(SUPPLIED MATERIAL)

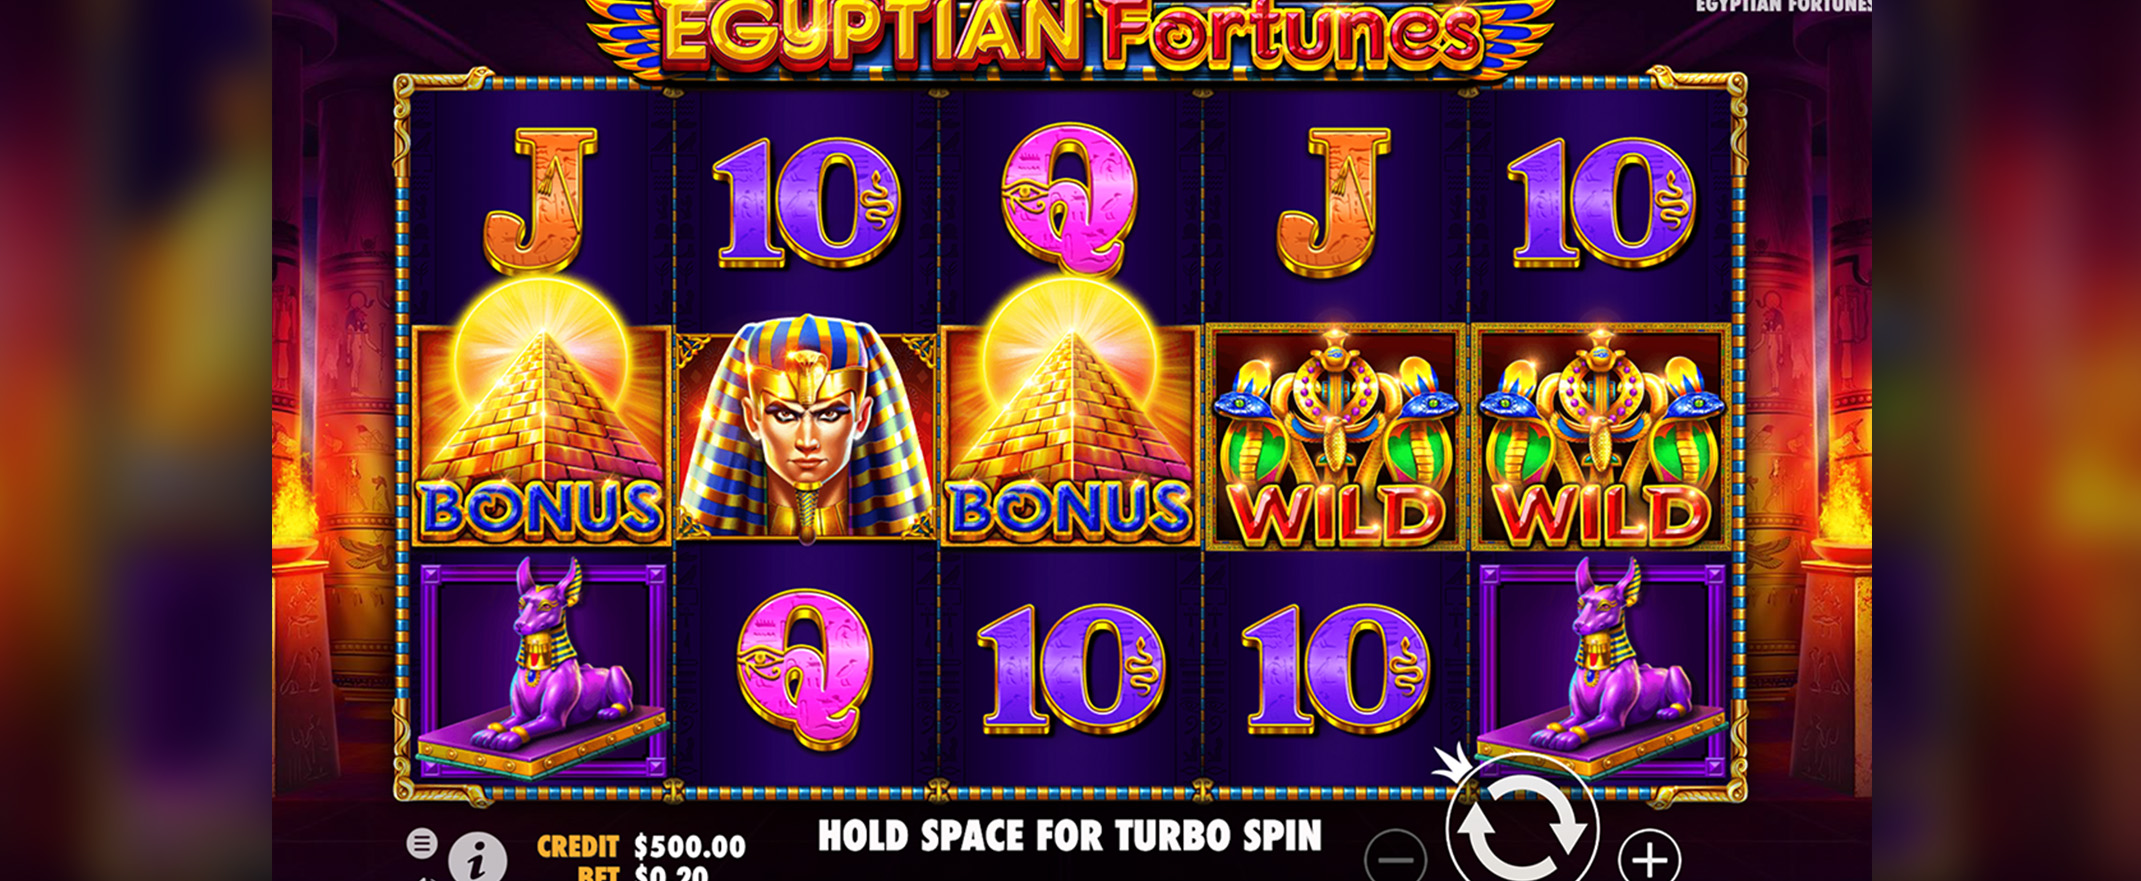 Egyptian Frotunes, uusi Pragmatic Play peli
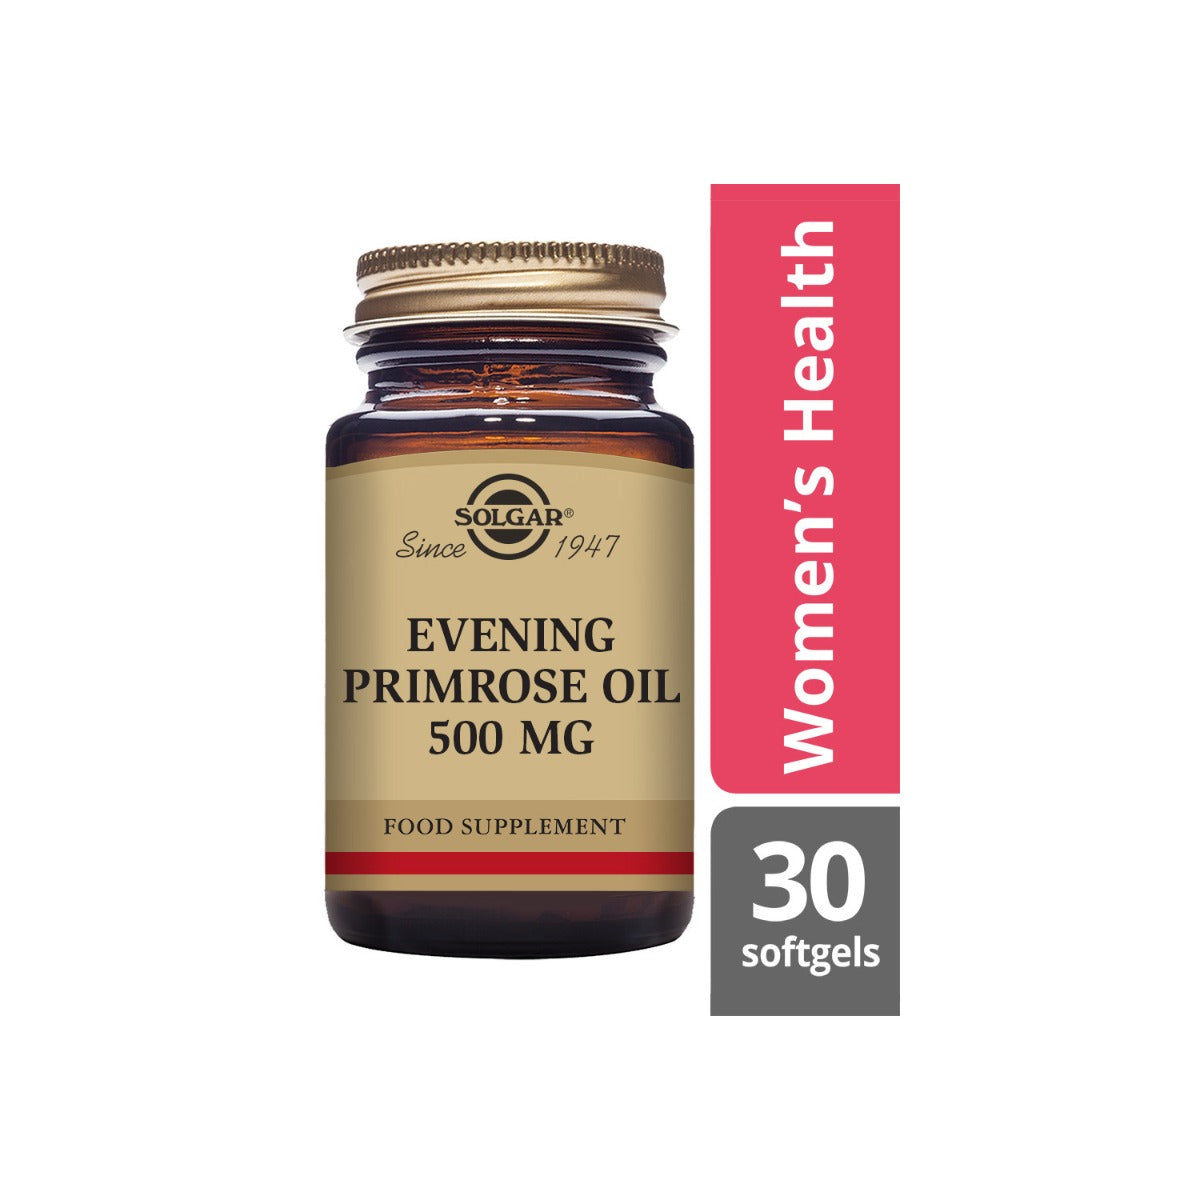 Solgar® Evening Primrose Oil 500 mg Softgels - Pack of 30
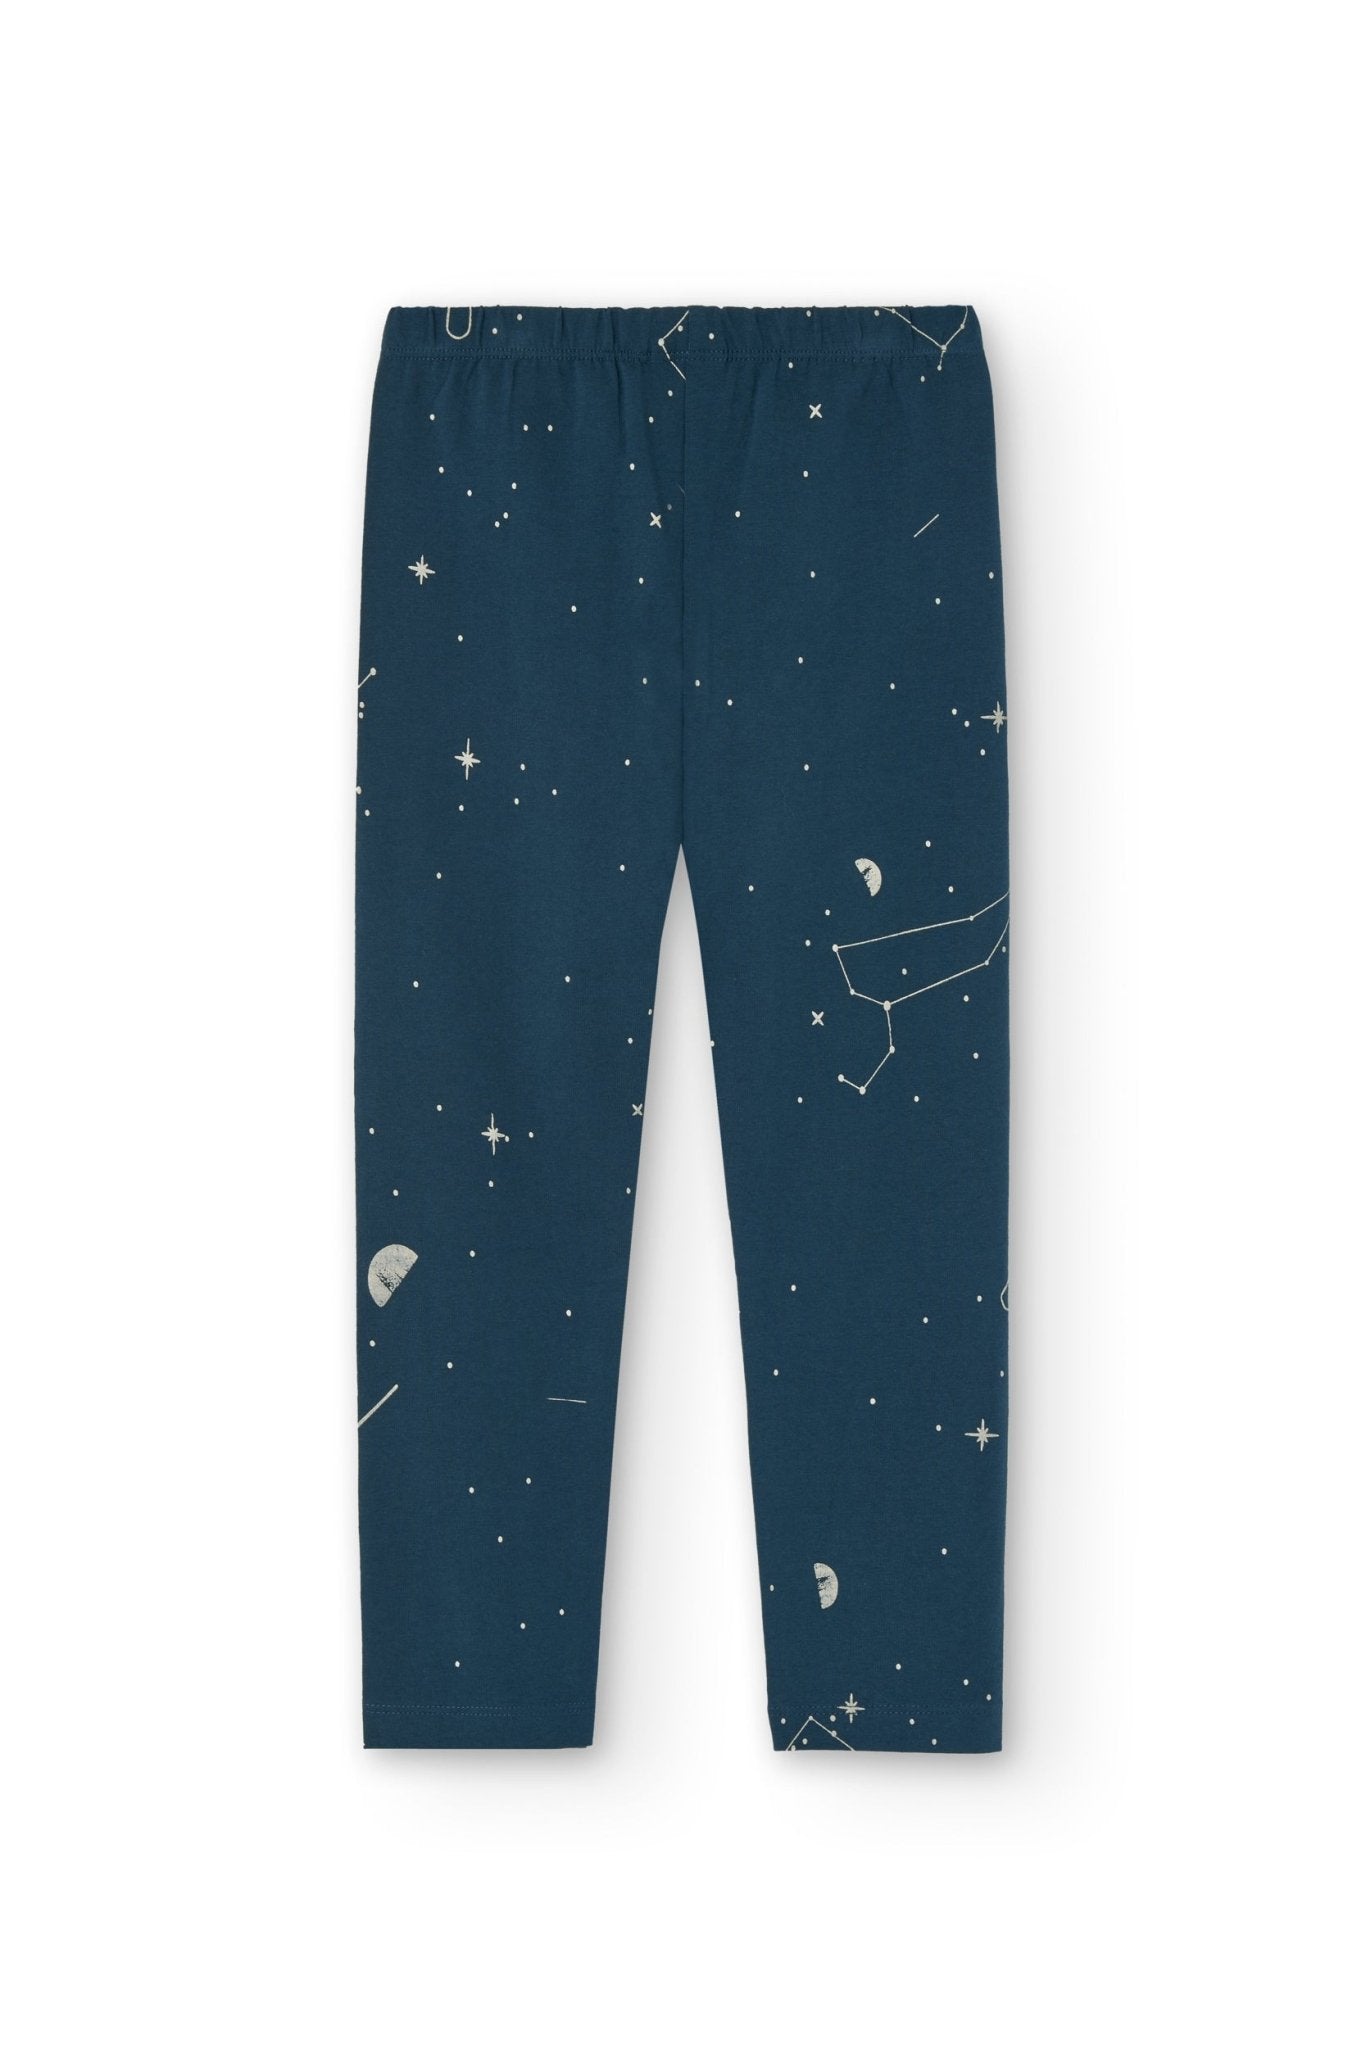 Galatea leggings blue constellations - TIRALAHILACHA

(End SUPPLIED MATERIAL)

YOUR GOAL | Provide the listing above once more, exactly, with the pictures removed.

ANSWER FOR THE TASK |
 Egyptian Frotunes, uusi Pragmatic Play peli
 Solgar® Evening Primrose Oil 500 mg Softgels - Pack of 30
 Galatea leggings blue constellations - TIRALAHILACHA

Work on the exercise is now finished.